→ DATA BELOW:

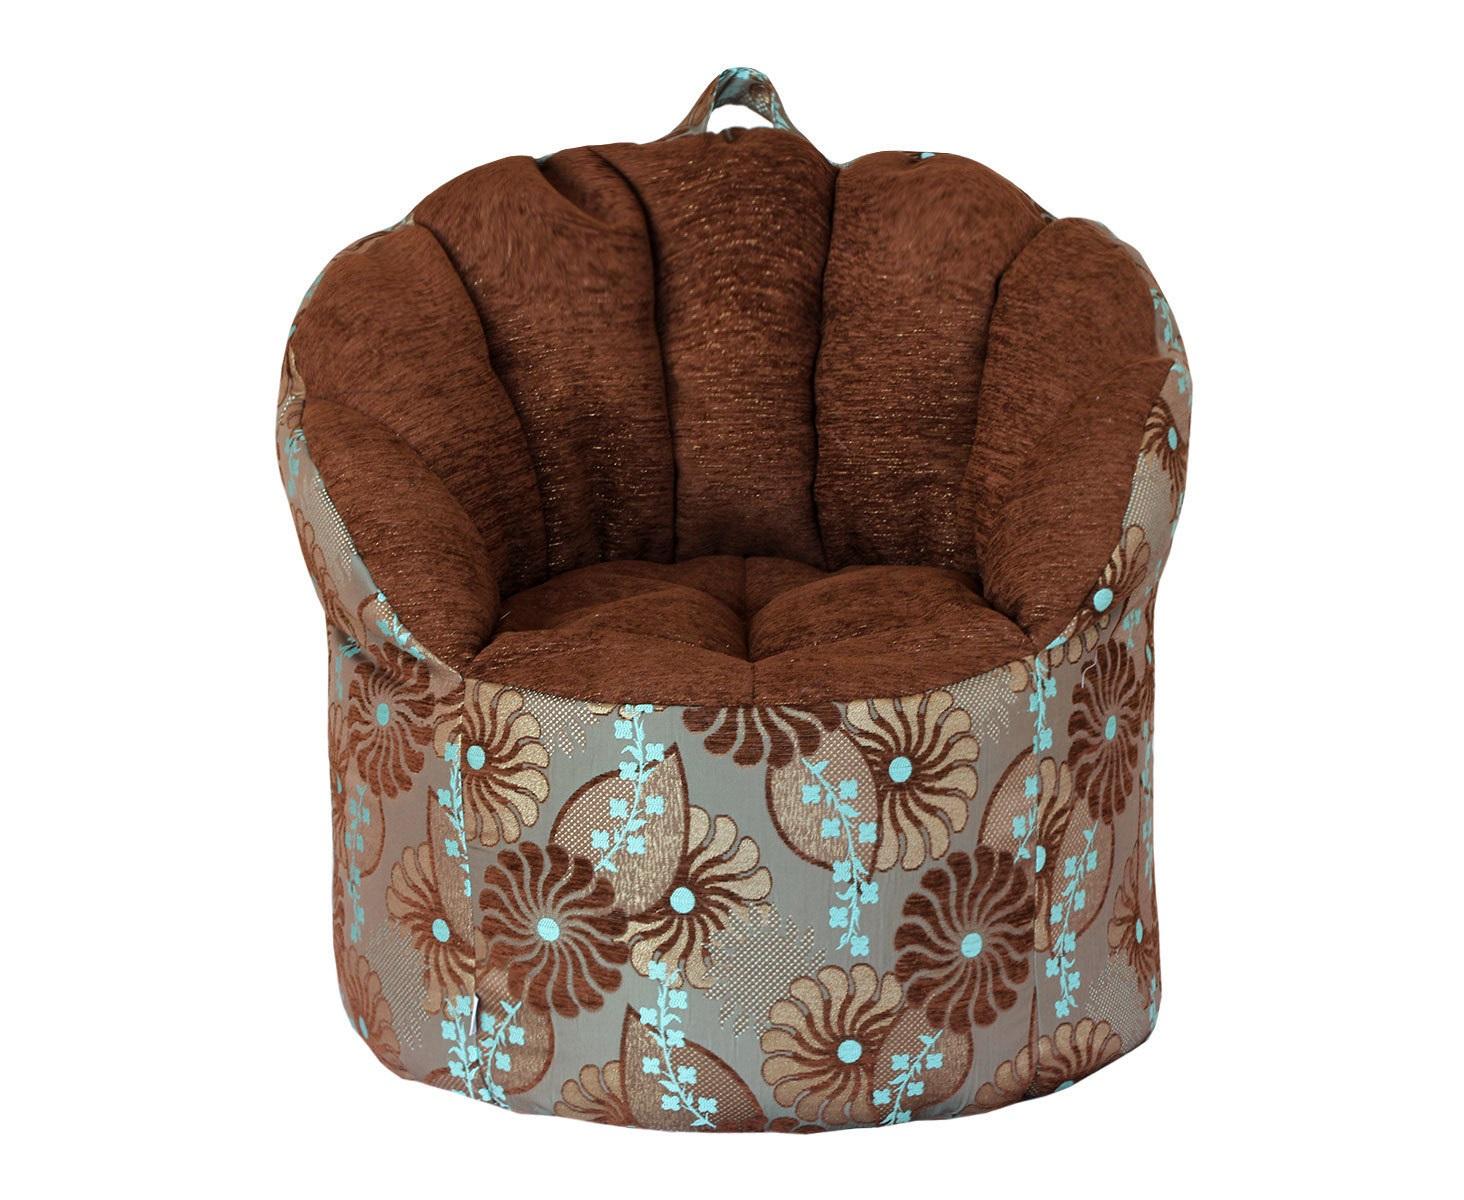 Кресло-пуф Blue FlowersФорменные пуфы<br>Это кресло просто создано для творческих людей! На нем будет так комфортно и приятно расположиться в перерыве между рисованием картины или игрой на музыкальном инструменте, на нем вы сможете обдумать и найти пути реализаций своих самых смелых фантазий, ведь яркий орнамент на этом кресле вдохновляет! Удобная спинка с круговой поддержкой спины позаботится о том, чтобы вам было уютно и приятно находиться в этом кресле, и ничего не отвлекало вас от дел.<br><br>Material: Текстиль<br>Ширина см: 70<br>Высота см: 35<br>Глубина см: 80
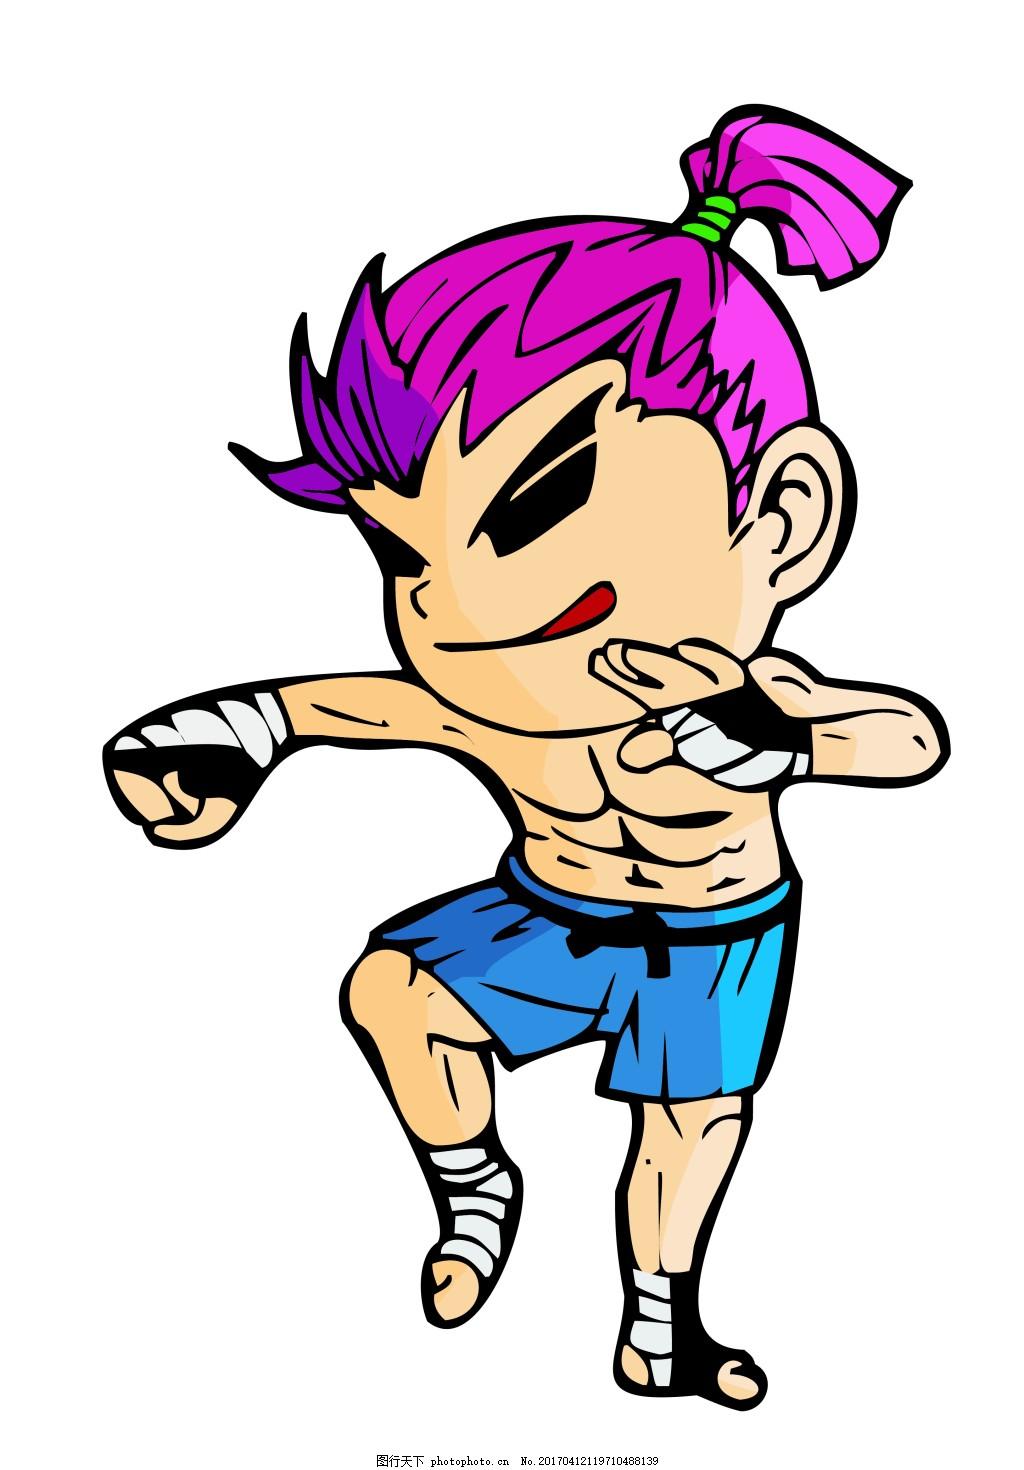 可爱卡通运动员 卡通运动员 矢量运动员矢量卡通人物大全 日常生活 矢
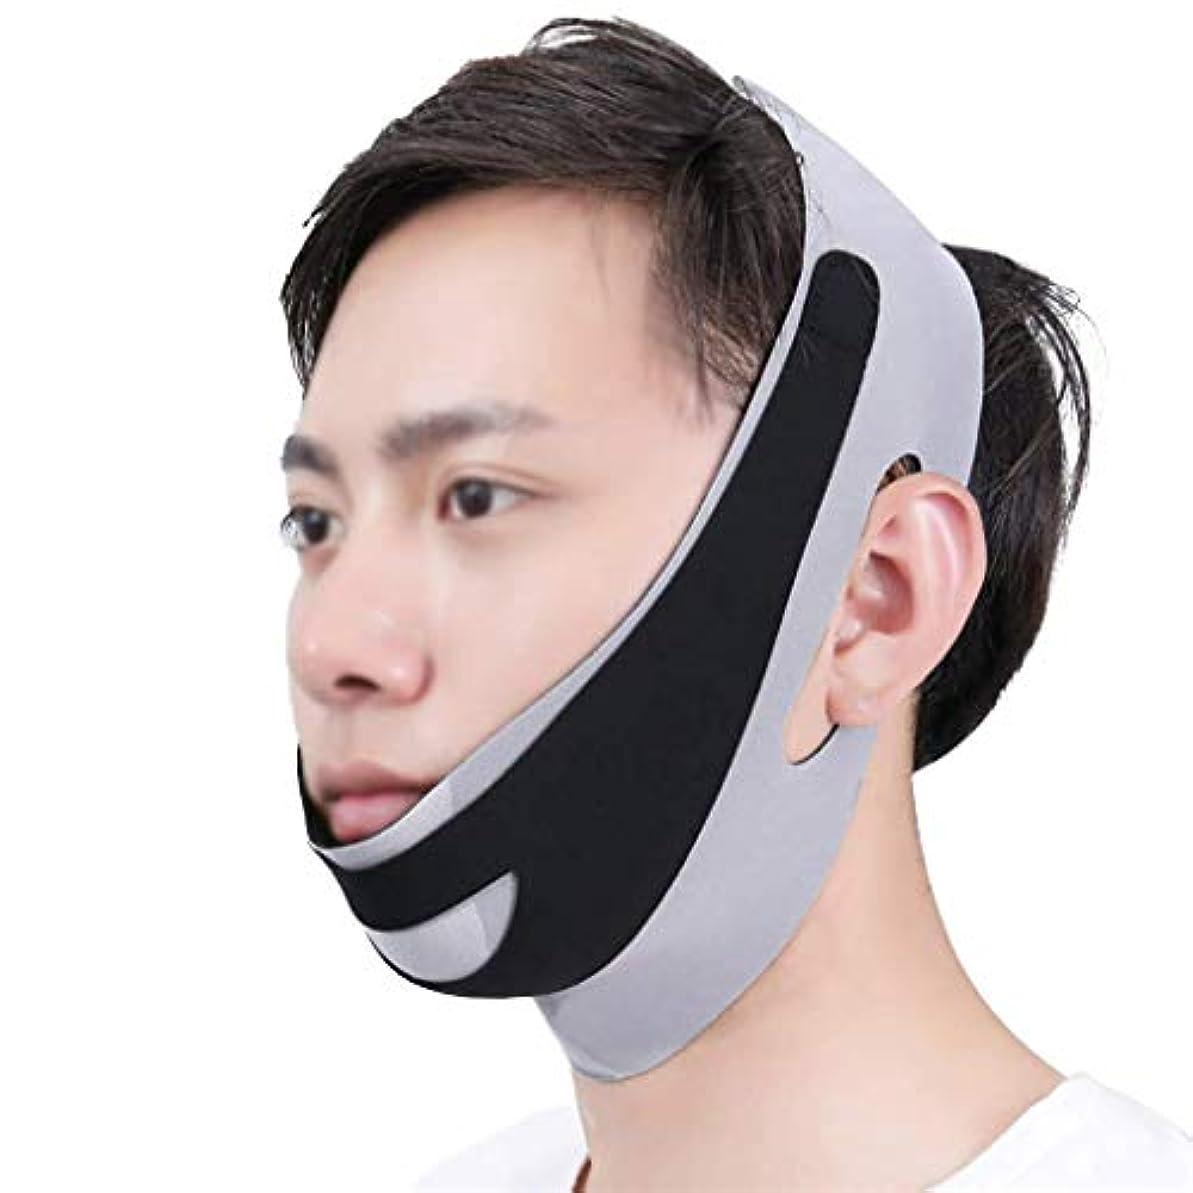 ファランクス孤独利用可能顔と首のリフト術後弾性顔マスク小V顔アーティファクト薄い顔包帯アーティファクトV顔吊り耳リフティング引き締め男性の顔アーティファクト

→ DIRECTIONS FOR THIS TASK: Print exactly the line containing "可爱卡通运动员 卡通运动员 矢量运动员矢量卡通人物大全 日常生活 矢" and every line after it through the final line above, and leave all pictures out.

→ RESPONSE TO THE TASK:
 可爱卡通运动员 卡通运动员 矢量运动员矢量卡通人物大全 日常生活 矢
 ファランクス孤独利用可能顔と首のリフト術後弾性顔マスク小V顔アーティファクト薄い顔包帯アーティファクトV顔吊り耳リフティング引き締め男性の顔アーティファクト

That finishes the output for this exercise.